Distraction (like medication) is a tool that can help the individual get their head above water in those moments, but, yes, presumably that wouldn't be the end goal.
That assumes the person currently has the capacity to deal with it. In my own experience, trauma can be too overwhelming.
Medication or other interventions may be required before therapy techniques become effective. Video games have fewer side effects than anti-depressants and aren't physically addictive like tranquilizers.
I think sometimes it might be necessary to create a bit of a buffer between the truama and "dealing with it." When it's still fresh it can be hard to regulate one's emotional state, and it's nigh impossible to "deal" when the thoughts of the situation/event send you in to a really bad emotional state of panic and endless rumination because you either lack the tools for emotional regulation, or utilizing them doesn't even come to mind in the first place. A mind under psychological distress is a messy dark place, and only after the fact do you look back on things and wonder why you spent such a long time suffering instead of working yourself out of it.
Some do need to escape from the reality to get a bit of relief, and can't handle the confrontation directly too much. That is understandable.
But, the panic/anxiety surrounding the trauma after the fact is often due to resistance of experiencing the emotions/memories associated with the event. Allowing the 'bad' feelings in and going through those feelings is most always going to be healing.
Sometimes you have to treat the symptoms so you can get the person functional enough to then start treating the root cause. For example, this is the point of anti-depressants and fever-reducing medication. They don't treat the underlying disease. They just keep the symptoms from killing the patient long enough to do something about the disease.
A person with particularly bad PTSD may not want to see a therapist and start rooting around in those bad memories. If the overall anxiety level associated with those memories can be reduced, then maybe the therapy can start.
Sounds like they are actively encouraging suppression. I don't believe this will lead to 'Good'(tm) things. The way to properly deal with trauma, if one wants to heal psychologically and disable the 'intrusive' memories, is to actively encourage the recall of those memories until they become so unexciting that they no longer have a reactive emotional component.
Depending on the magnitude of the trauma, this may not be an exercise one does by oneself, and in one sitting. It could take some time. That I know of, directly related in the western psychological world is one such technique called 'exposure therapy'.
The repression suggested in this study will guarantee that the emotional reaction will come roaring back to the surface when some strange, probably unrelated situation triggers the memory once again.

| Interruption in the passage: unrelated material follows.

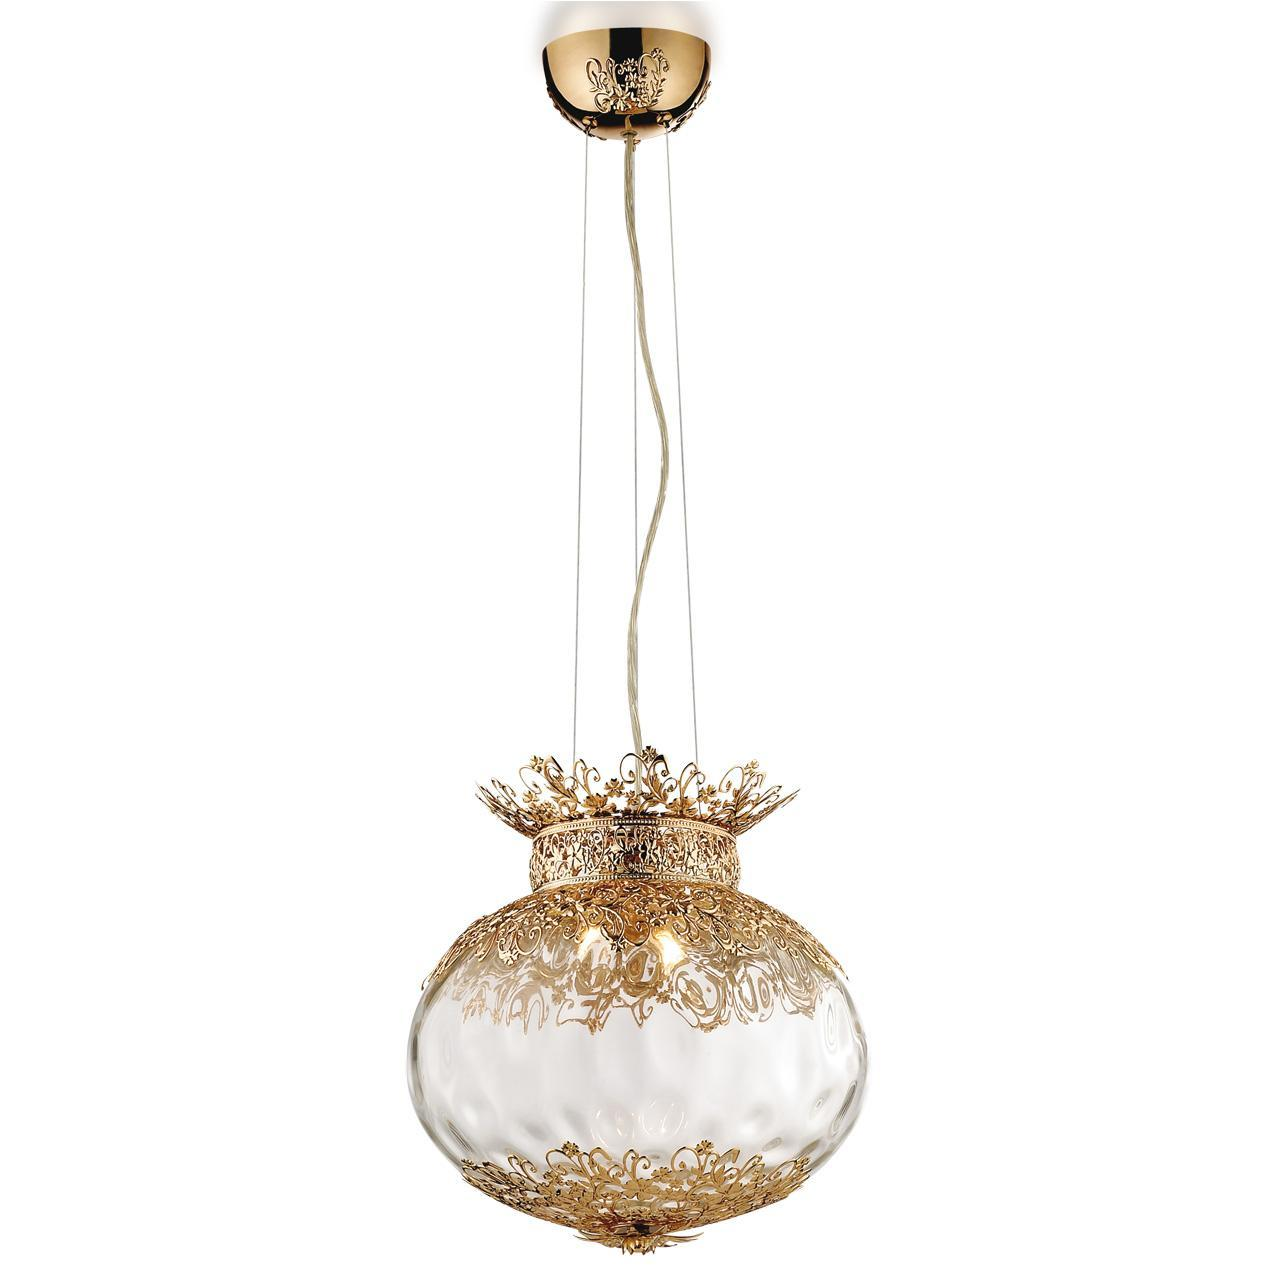 Подвесной светильник Odeon Light Petra 2673/4 светильник 2673 4 petra odeon 927400

I've had 3 instances of extreme trauma in my life. After the 3rd, I heard about this technique. It has been completely transformative for me. N=1 and all that...
Glad it works for you, but doesn't sound like a generally applicabale approach.
I really disagree with a couple of your statements:
"The way to properly deal with trauma" there really isn't a proper way imo. Individuals have different ways.
"will guarantee that the emotional reaction will come roaring back to the surface when some strange, probably unrelated situation triggers the memory once again." Not really true, not always. People do successfully repress, and some people have a really negative experience from treatments like the one you suggested.
People are different and their experiences are different.
During the pandemic I went down the rabbit hole of the fitness industry. You will find thousands of videos on YouTube/memes on forums that teach people that they can get over an ex by just focusing on getting shredded and developing a killer physique. To me that is akin to what this study suggests: avoid the trauma by distracting yourself with another activity. While self-improvement is commendable, I don't think avoidance tactics are the best way to treat the root cause of the problem though.